1969年に二十歳であること──「二十歳の原点」の疼痛

不運の方に傾いた時代の悪意

砂のように眠る―むかし「戦後」という時代があった
砂のように眠る

昨日のエントリの続きで、記事中に紹介されていた関川夏央の評が入った著作。「小説新潮」に1990~91年に連載された原稿集。1993年の刊行で、僕は6年前(2003年)に古書店で何気なく手に取ってみたら表題作の収録に目が留まったので購入。フィクションとノンフィクションが交互に配列された構成で、

読み方は自由、冒頭から順を追って読まなくともいい。小説だけを読んでも、評論だけを読んでも構わない

と前書きに記されているとおり、僕も表題作しか読んでいない。本というのは基本的にそれでいい。偶然、手にした本の中に興味あるフレーズがあって購入し、そしてまた時を経てこんな風に思いがけず再読の機会を得る、偶然が生む有機的なつながりが面白い。

「戦後」という時代の精神

本書自体は「戦後の時代考証」とでもいうべき内容である。

ただ、著者が高野悦子と同年生まれ(高野が早生まれなので学年は一つ下)というだけに本章には、当時の客観的な説明──物価であるとか国民所得であるとか──以上に、高野に寄り添い、精神の内面に入り込んでくる姿が強く伝わってくる。

痛ましさを一層、助長する感さえある。ただでさえ心の叫びを綴った裸の日記を、評論家の手でさらに内面が切り開かれ、えぐり取られてしまうような。

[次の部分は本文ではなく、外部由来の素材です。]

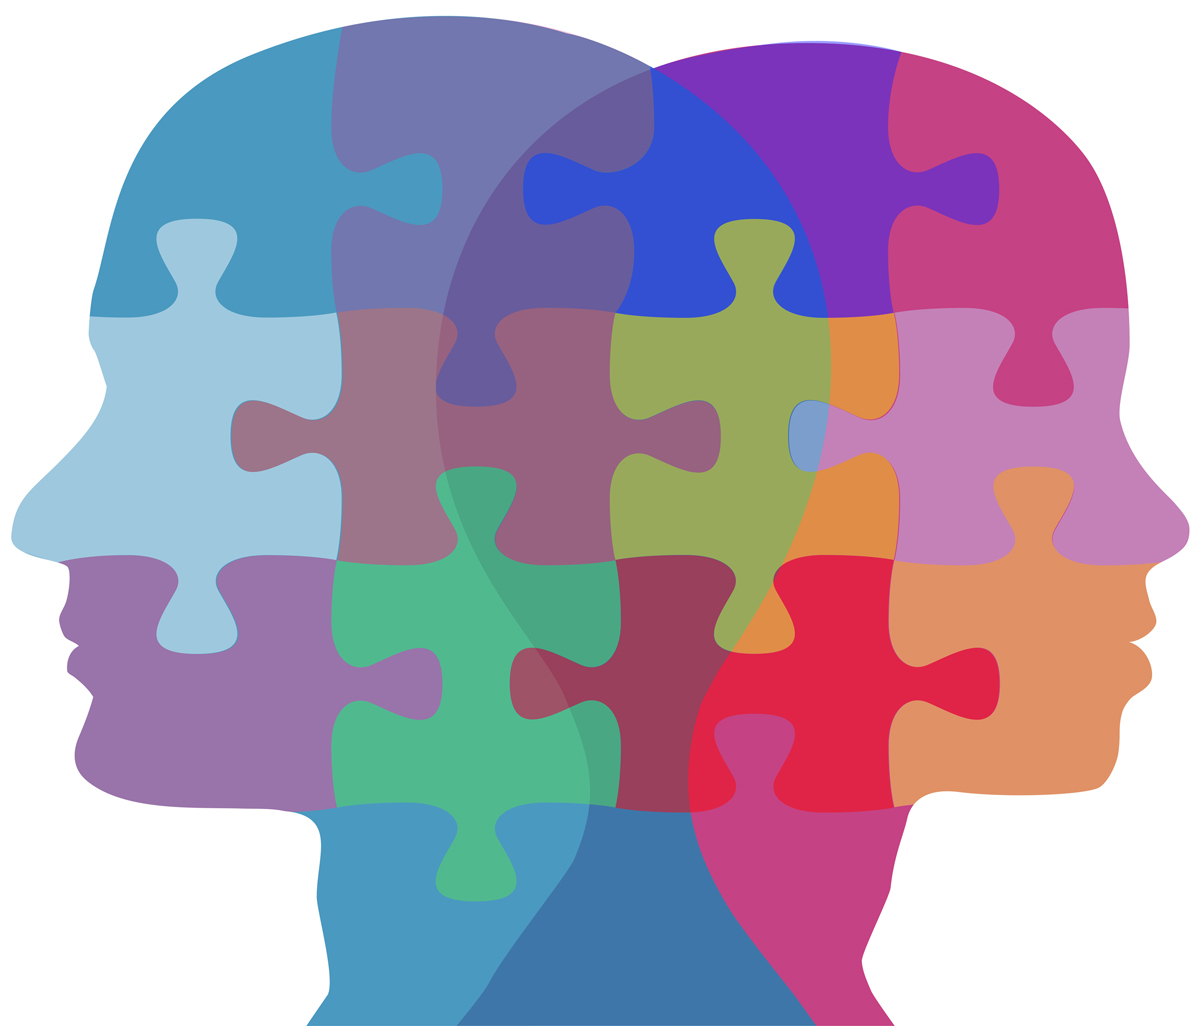 Signs of Emotional Intelligence (EQ)

(刊行当時、)著者があまりにもいたましく思え、本をそのまま棚に戻した。

そしてこのたび、二十年を経て読み直した。正確にははじめて精読した。すでに彼女の二倍あまり生きた身だから、多少の距離を置いて日記を眺めることができるようになってはいた。しかし、いたましさの思いはかわらなかった。

昨日、今日、と僕も「二十歳の原点」を22年ぶりに手に取ってみた。もう醜い大人になってしまい、冷めた視線になっているかと思いきや、今でも心にぞくぞくと伝わってきた。むしろ受けとるだけで精一杯だった若い頃よりも、今の方が関川氏同様、一行ごとに、その背後にあるものを覗こうと向き合う姿勢が当時のものと逆になっていたようなところがあった。

悩みには悩みを忘れる資質があわせて必要である。いい加減なところで笑って逃げる性癖も欠かせない。悩むことに不向きな学生までを悩ませ、自分だけを責めさせつづけたのは、やはりその時代が持った思潮の、あるいはたんに流行の残酷な仕打ちだろう。


どの時代でも学生たちは精神を動揺させがちで、ときに投げやりな気分に陥りもするが、なにかの気晴らしによって危機を脱する。彼女の場合、めぐりあわせが悪かった。そして、やたらに騒々しいばかりで内実をまったくともなわなかった時代そのものに、秤を不運の方に傾けるわずかばかりの悪意があった。